In realtà le resistenze del Pd pugliese, in funzione anche se non soprattutto anti Schlein, hanno pesato ma il gelo del leader dei 5S ha inciso maggiormente. I motivi del no dello spregiudicato (per usare un eufemismo) “avvocato del popolo” sono semplici.
Come ha ricordato ieri in conferenza stampa dopo la riunione della segreteria Pd Schlein, in 4 regioni su 5 al voto da quando Schlein stessa è segretaria l’accordo Pd-5S è stato raggiunto. Su 27 comuni capoluogo al voto il 9 giugno i due partiti saranno alleati in 22 casi.
Ma Conte ha bisogno di differenziarsi, di potersi contrapporre al Pd in alcune situazioni particolarmente visibili e la Puglia gli offre un’occasione d’oro grazie agli scandali (ieri si è dimesso l’assessore a Bari D’Adamo, perché indagato e su spinta esplicita del sindaco Decaro).

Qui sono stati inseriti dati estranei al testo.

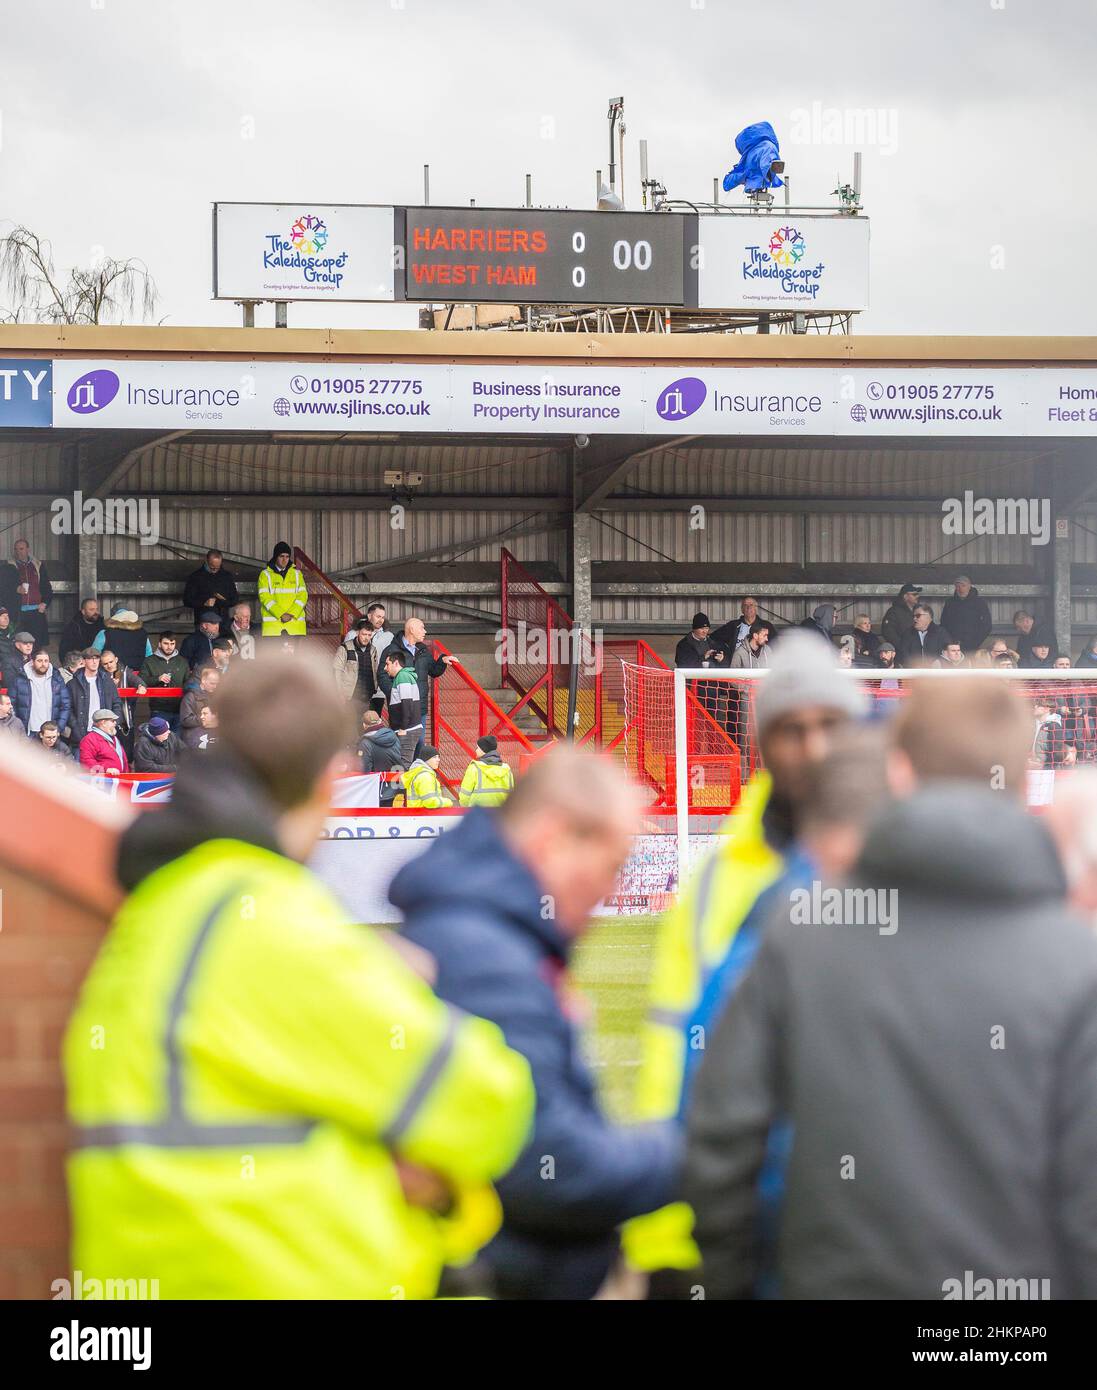 Kidderminster, UK. 5th February, 2022.. Giant killers Kidderminster Harriers Football Club take on premier league West Ham United in the FA Cup fourth round at Kidderminster's Aggborough stadium. Excited fans flock to see this momentus game hoping for victory for the Kiddy Harriers team currently the lowest ranked team in the competition.  Credit: Lee Hudson/Alamy Live News Stock Photo

Ieri la segretaria del Pd ha usato toni duri nei confronti del mai nominato apertamente Conte: “Il Pd ha un obiettivo, costruire l’alternativa a queste destre. Non vorrei che fosse un problema solo mio e nostro. Gli elettori sono stanchi delle liti condominiali tra vicini”.
Schlein ha però confermato l’intenzione di veleggiare comunque e con massima determinazione verso l’accordo con Conte e proprio i numerosi accordi la spingono a rivendicare successi: “Non mi sembra così morta la costruzione di un’alternativa”.

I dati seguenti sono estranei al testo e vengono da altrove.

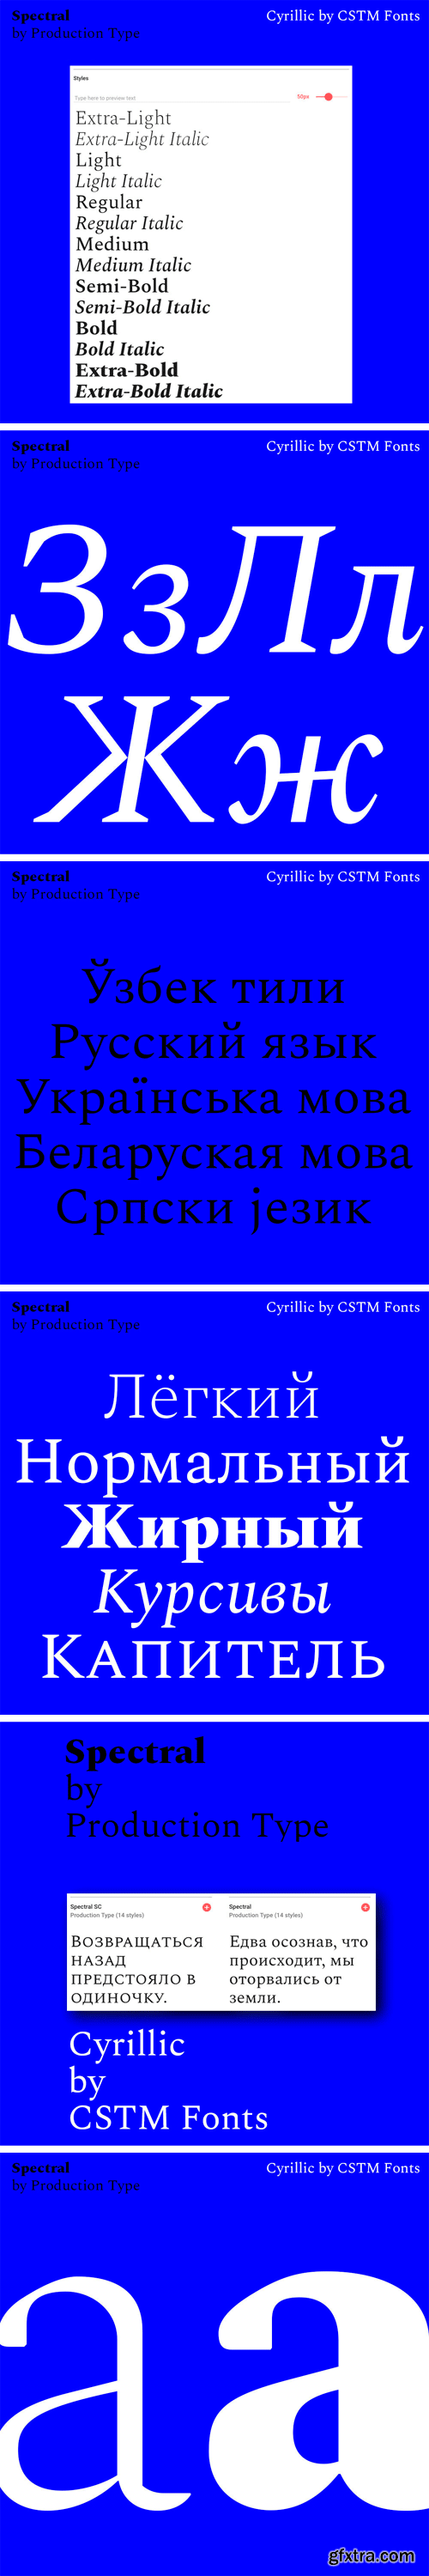 Spectral Font Family [with Cyrillic Support]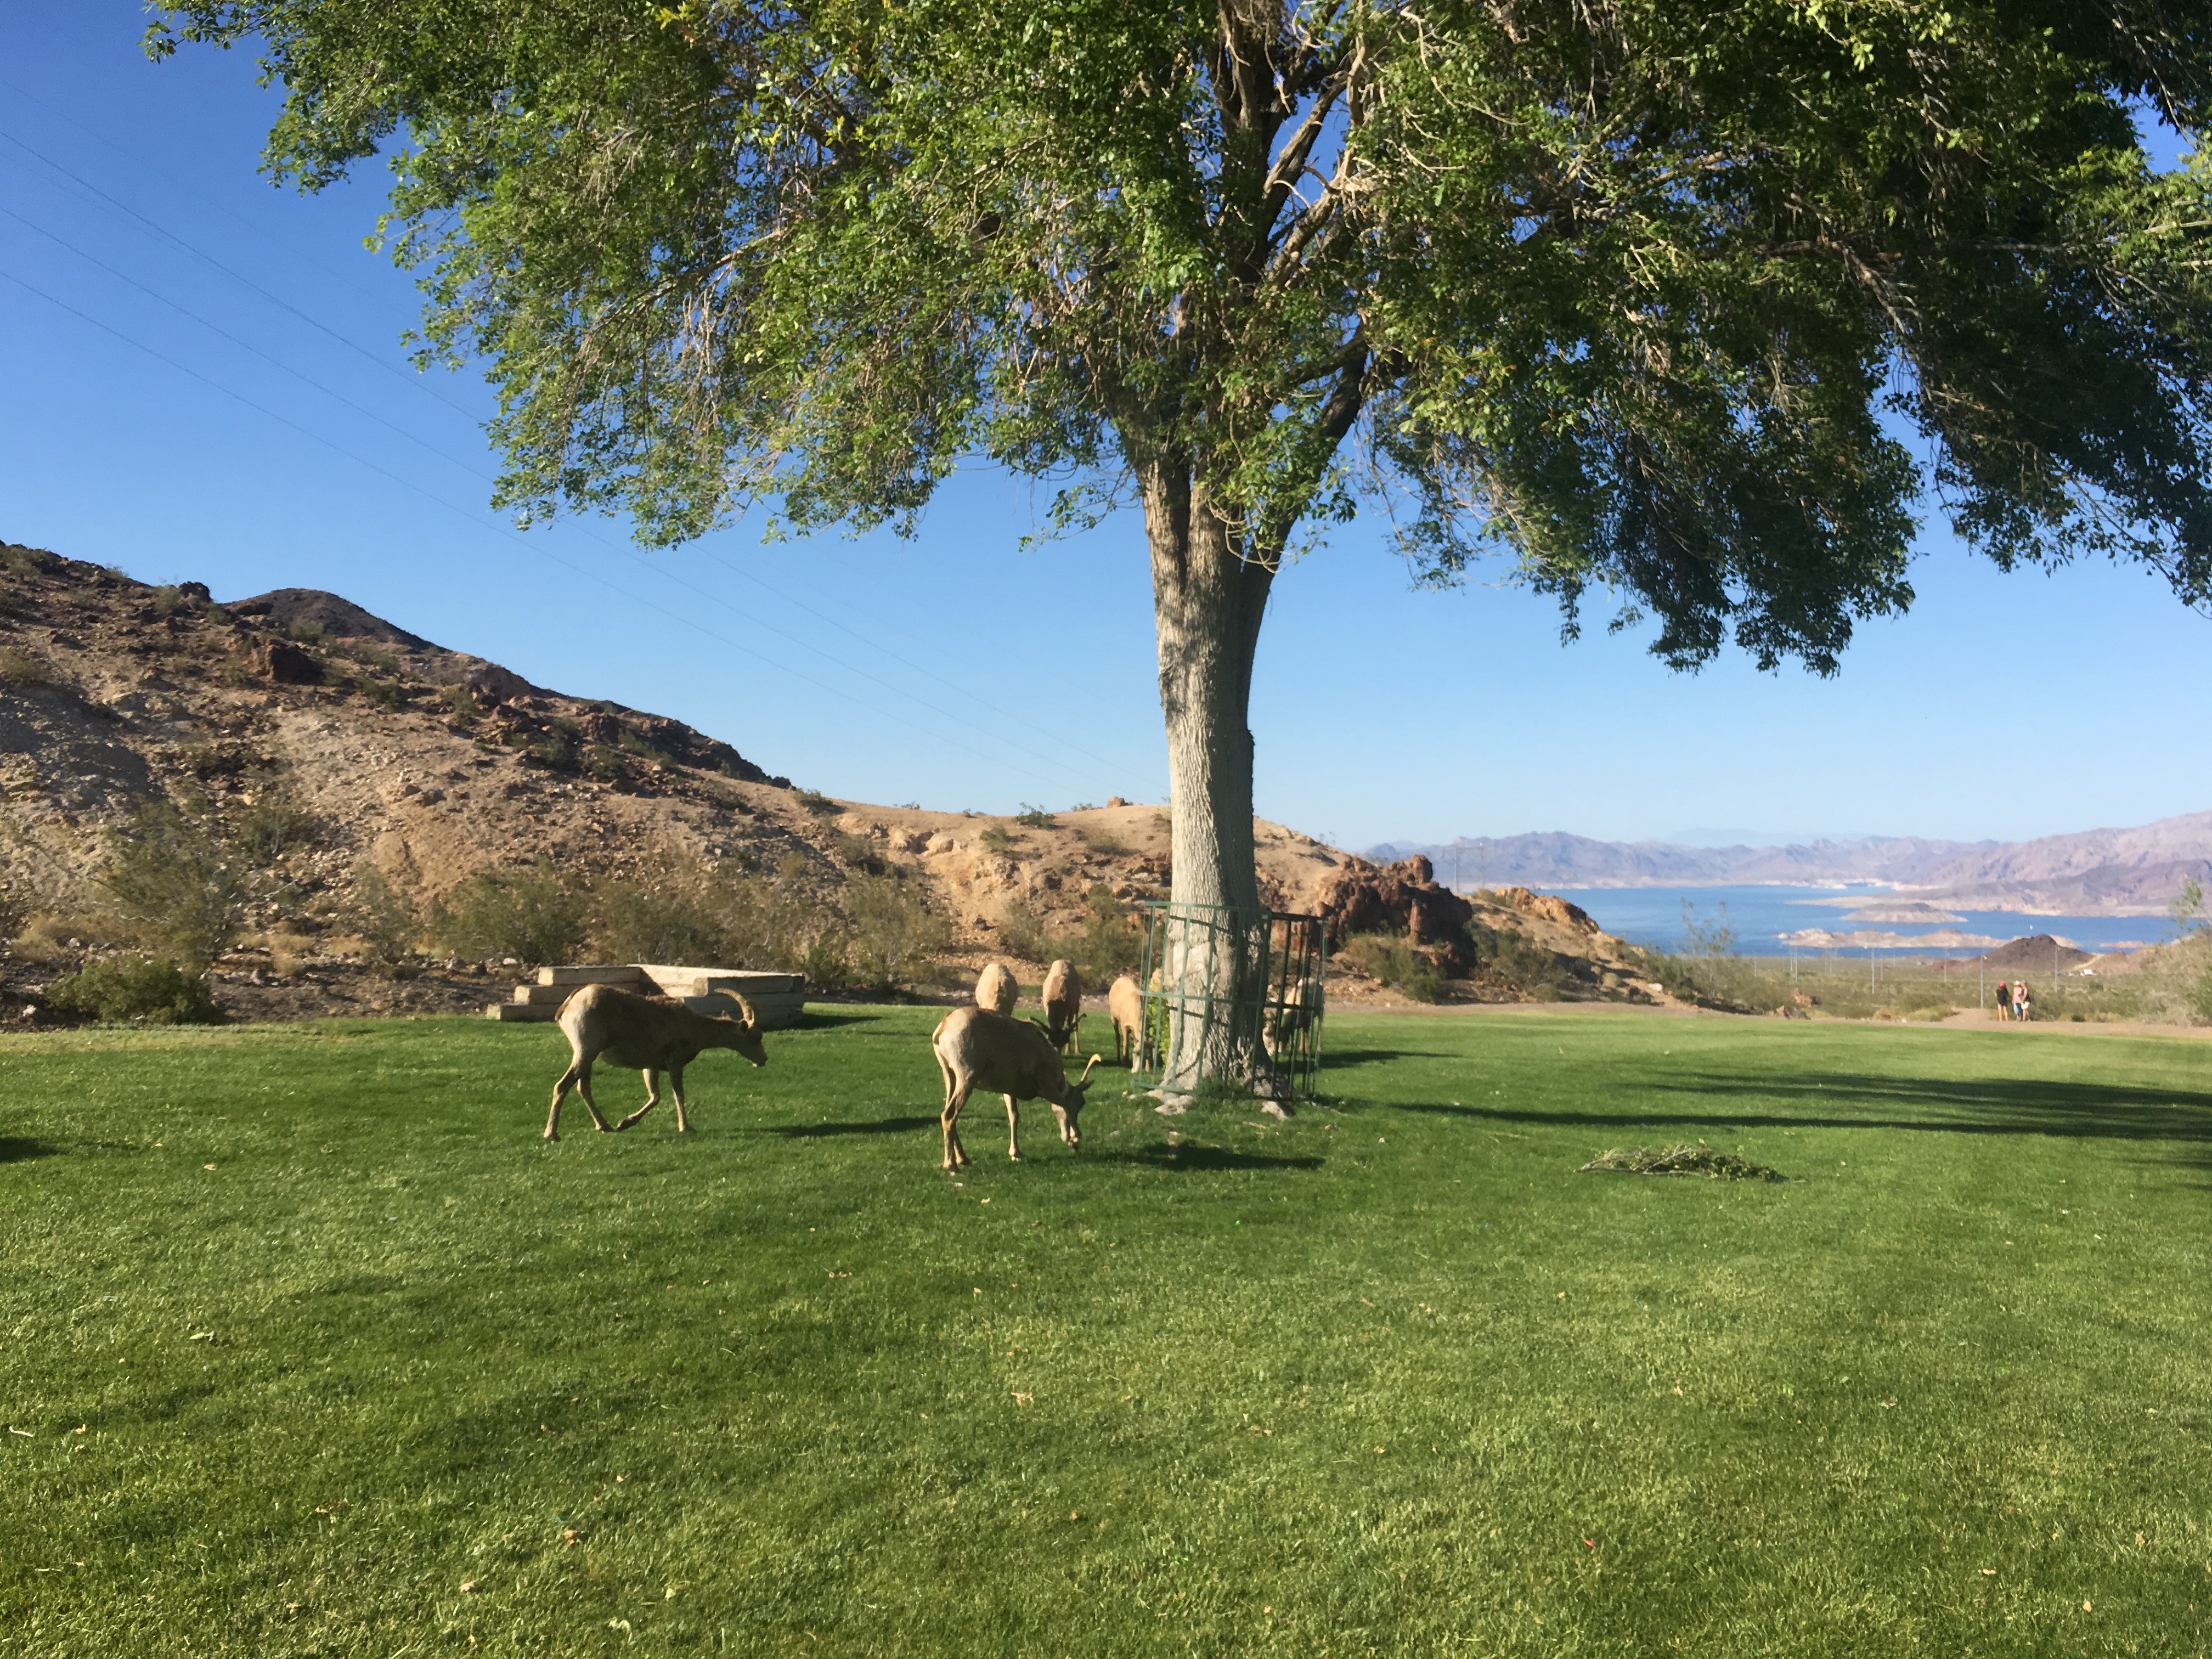 Big horned sheep standing near a tree and Lake Mead

Quell’alternativa Conte vuole che nasca. Ma a condizione che sia lui a guidarla. La telefonata di Schlein a Meloni dopo l’attacco iraniano, un gesto istituzionale ma anche un modo di porsi come leader dell’opposizione, lo ha certamente contrariato. La Puglia dimostra che per raggiungere quell’obiettivo, la candidatura a premier, Conte è deciso a tutto.